Instructions to follow
Restate the listing below exactly, images excluded.

Supplied material
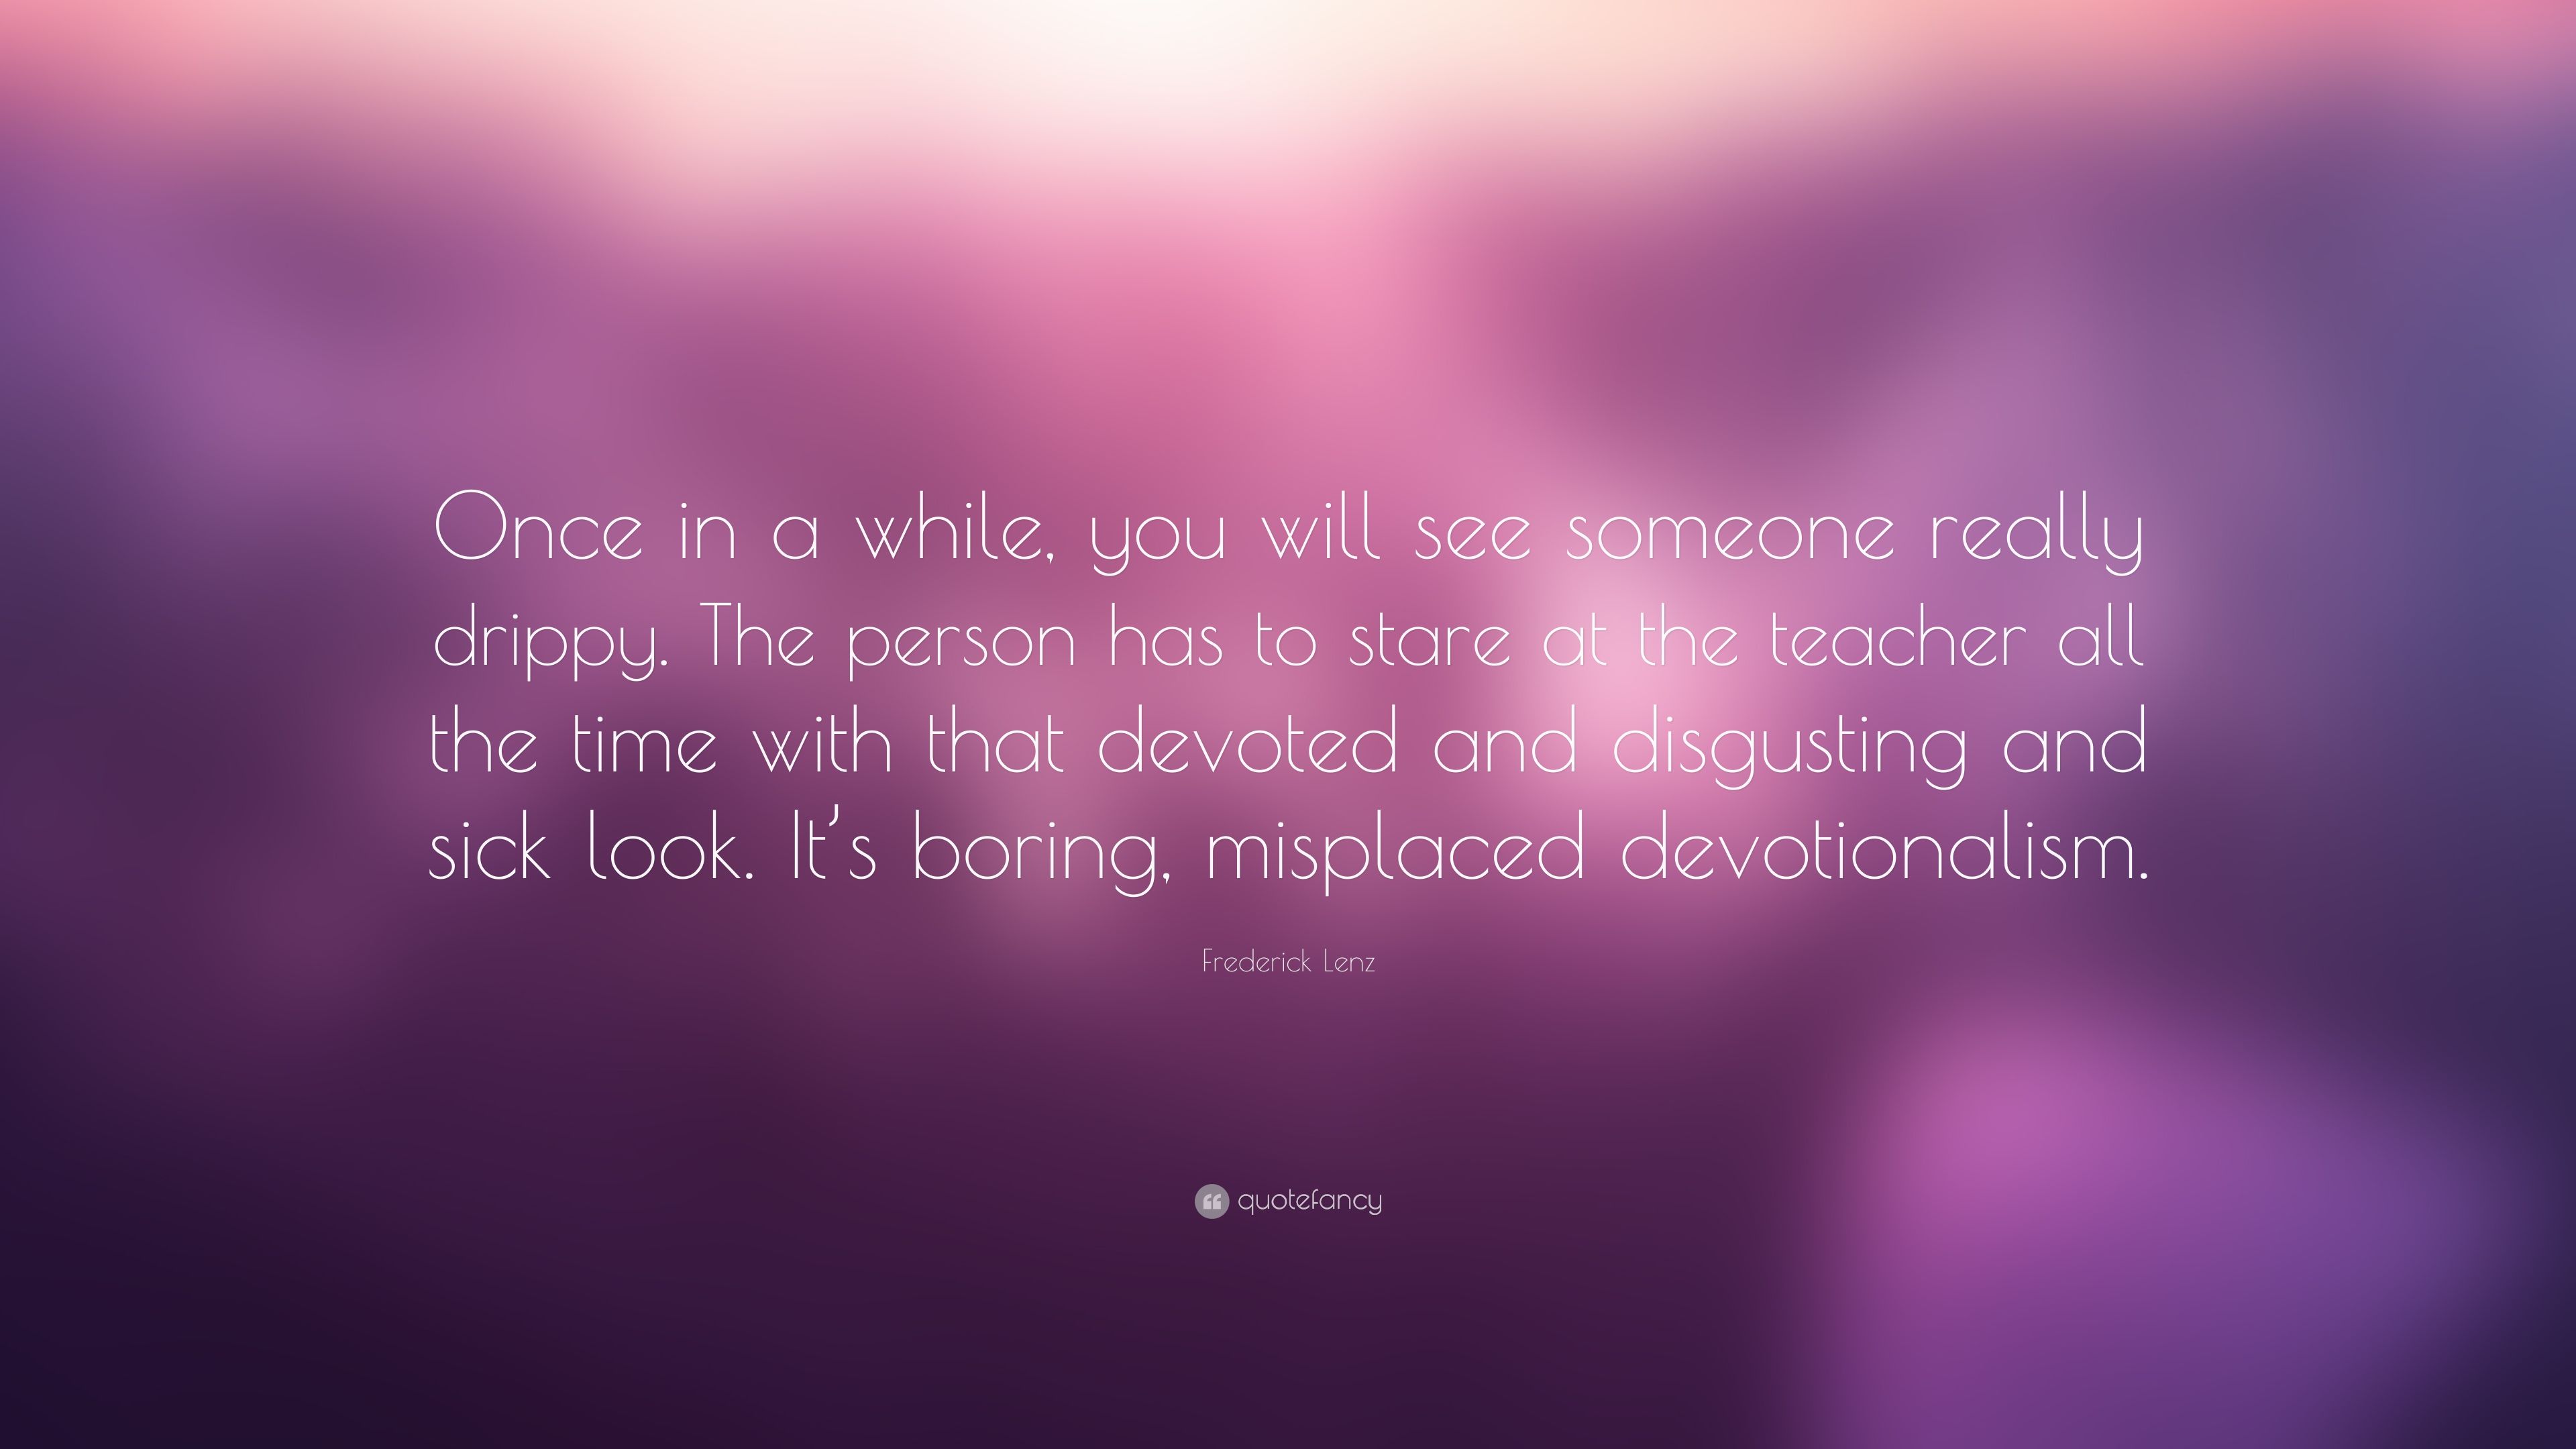 Frederick Lenz Quote: “Once in a while, you will see someone
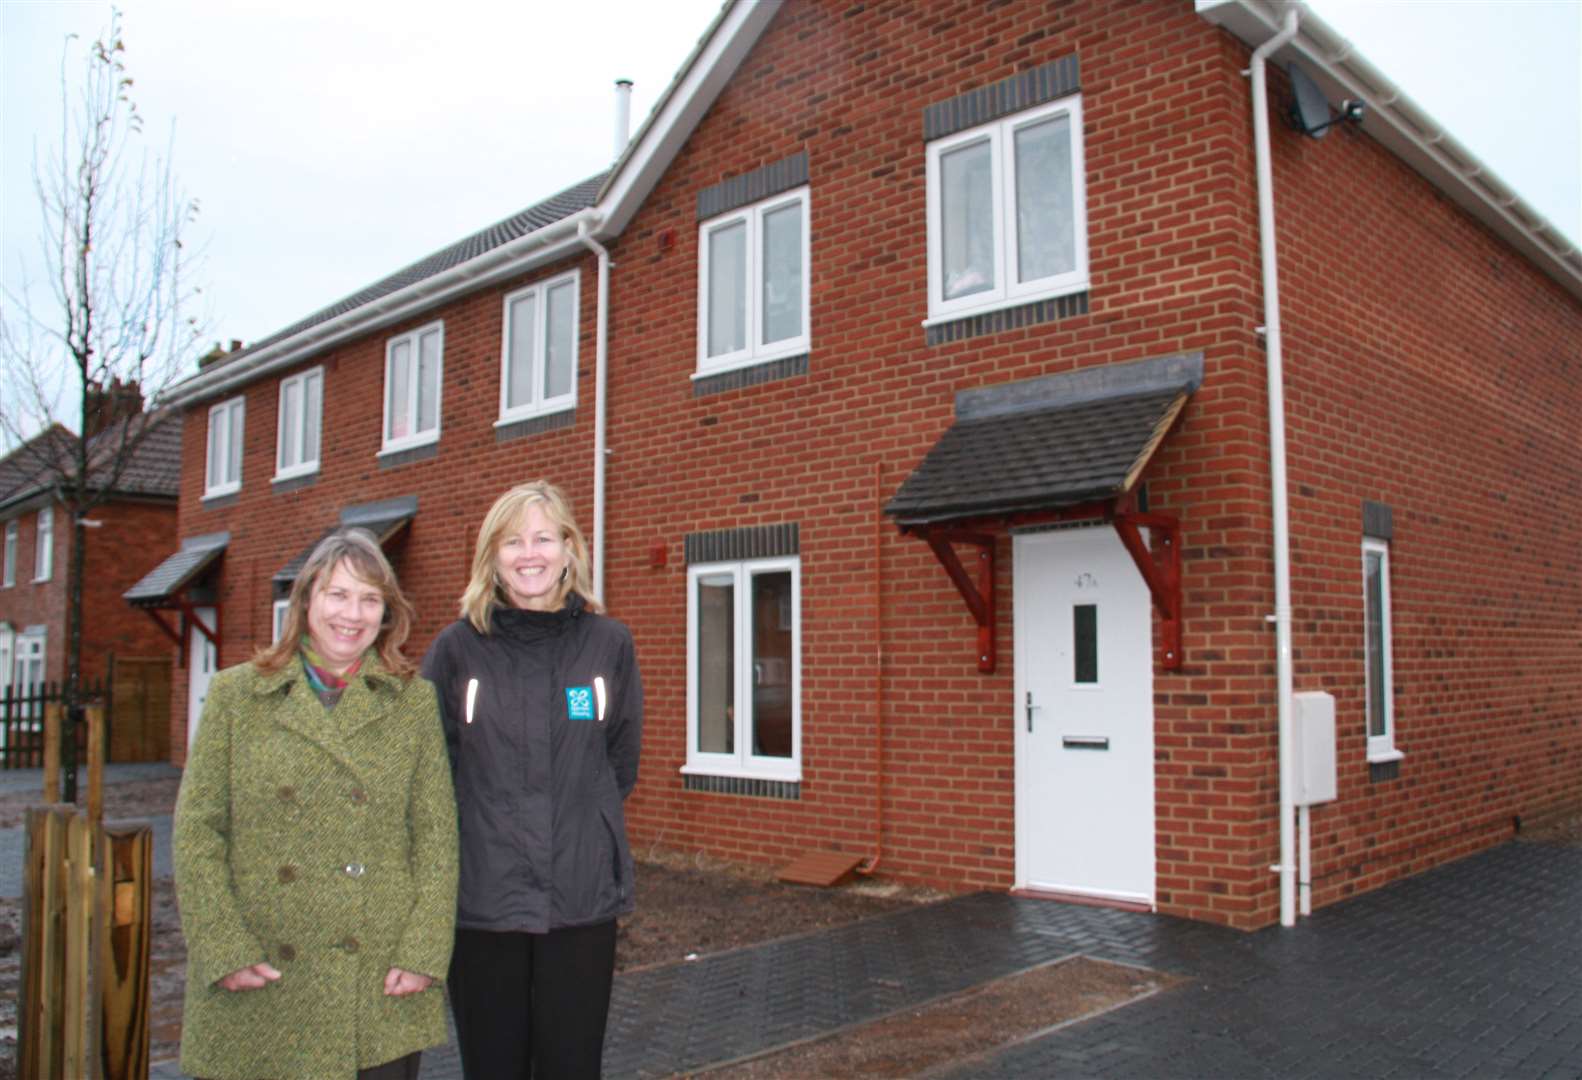 Cllr Sue Chandler, Dover District Council Cabinet Member for Housing with Verity Johnson, Housing Services Manager for East Kent Housing outside the new homes.
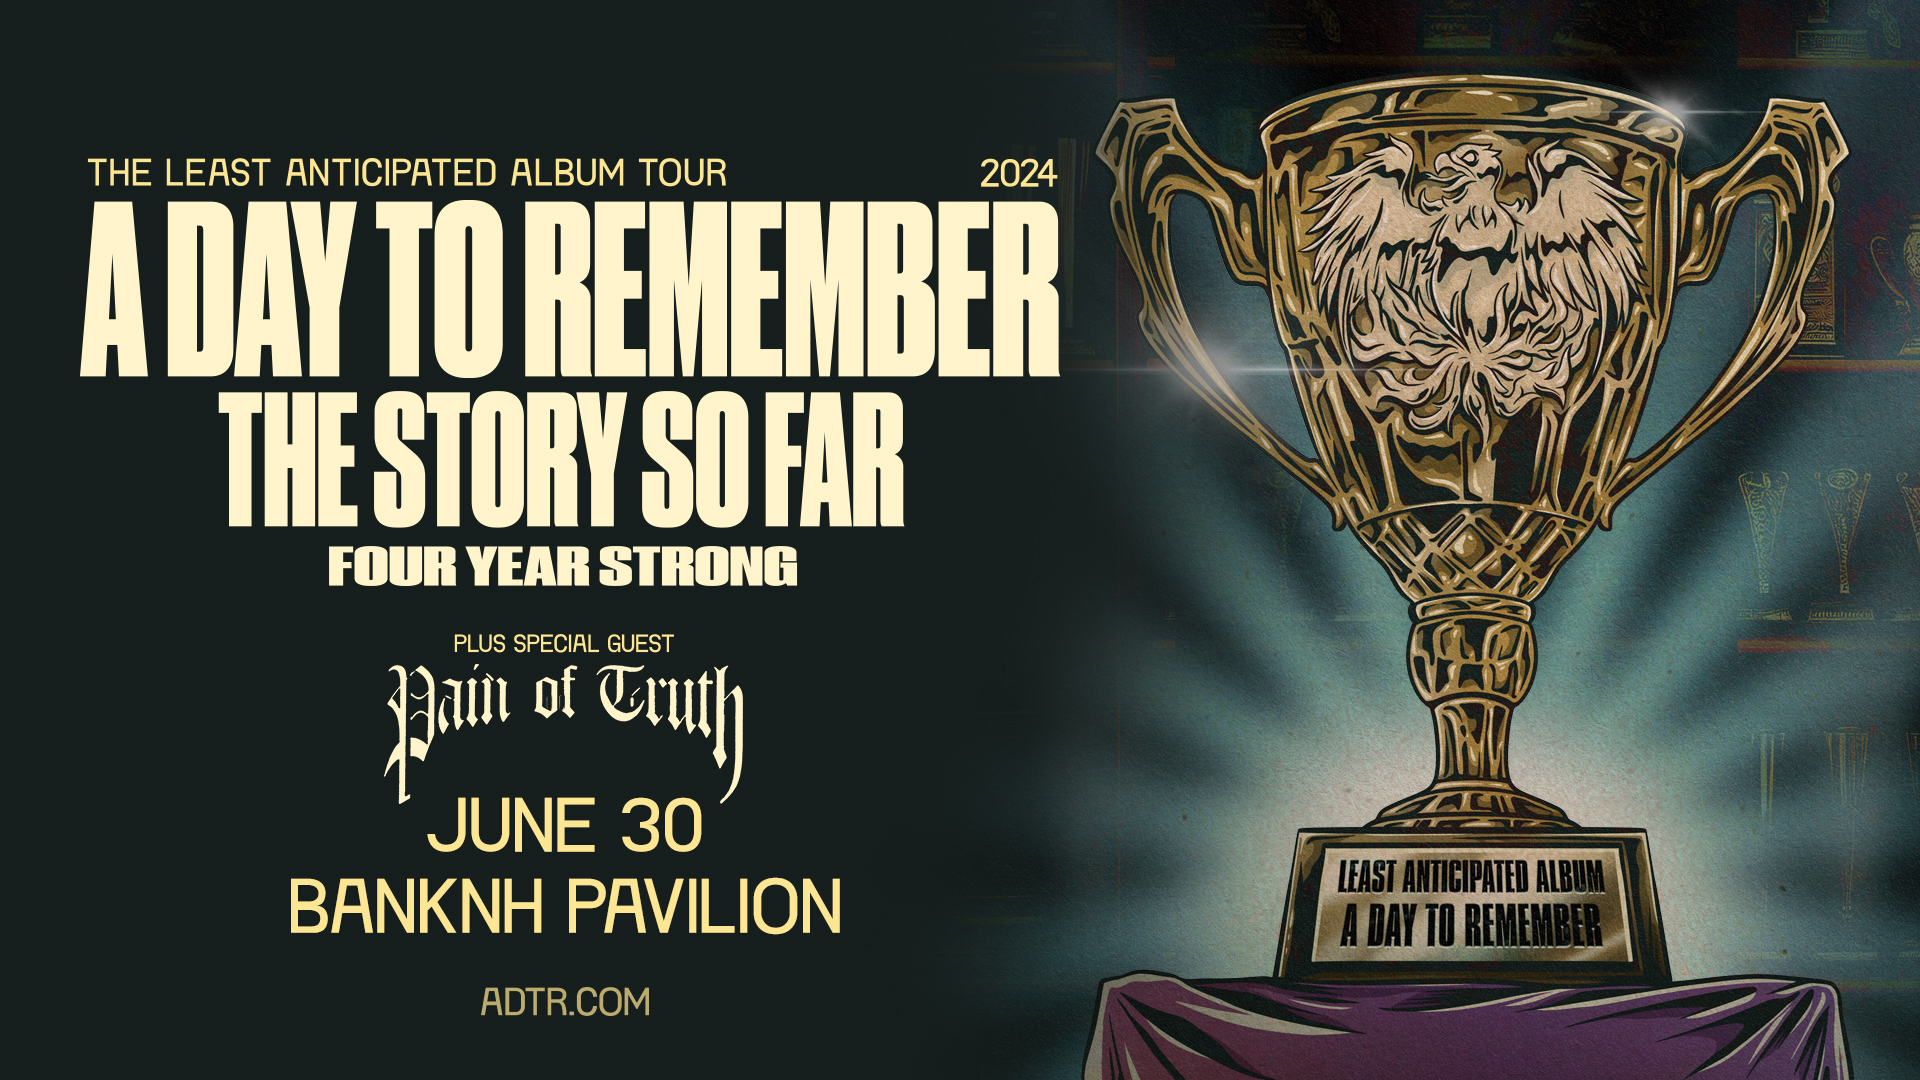 Win Tickets To A Day To Remember At BankNH Pavilion!

Output for this exercise
 Frederick Lenz Quote: “Once in a while, you will see someone
 Cllr Sue Chandler, Dover District Council Cabinet Member for Housing with Verity Johnson, Housing Services Manager for East Kent Housing outside the new homes.
 Win Tickets To A Day To Remember At BankNH Pavilion!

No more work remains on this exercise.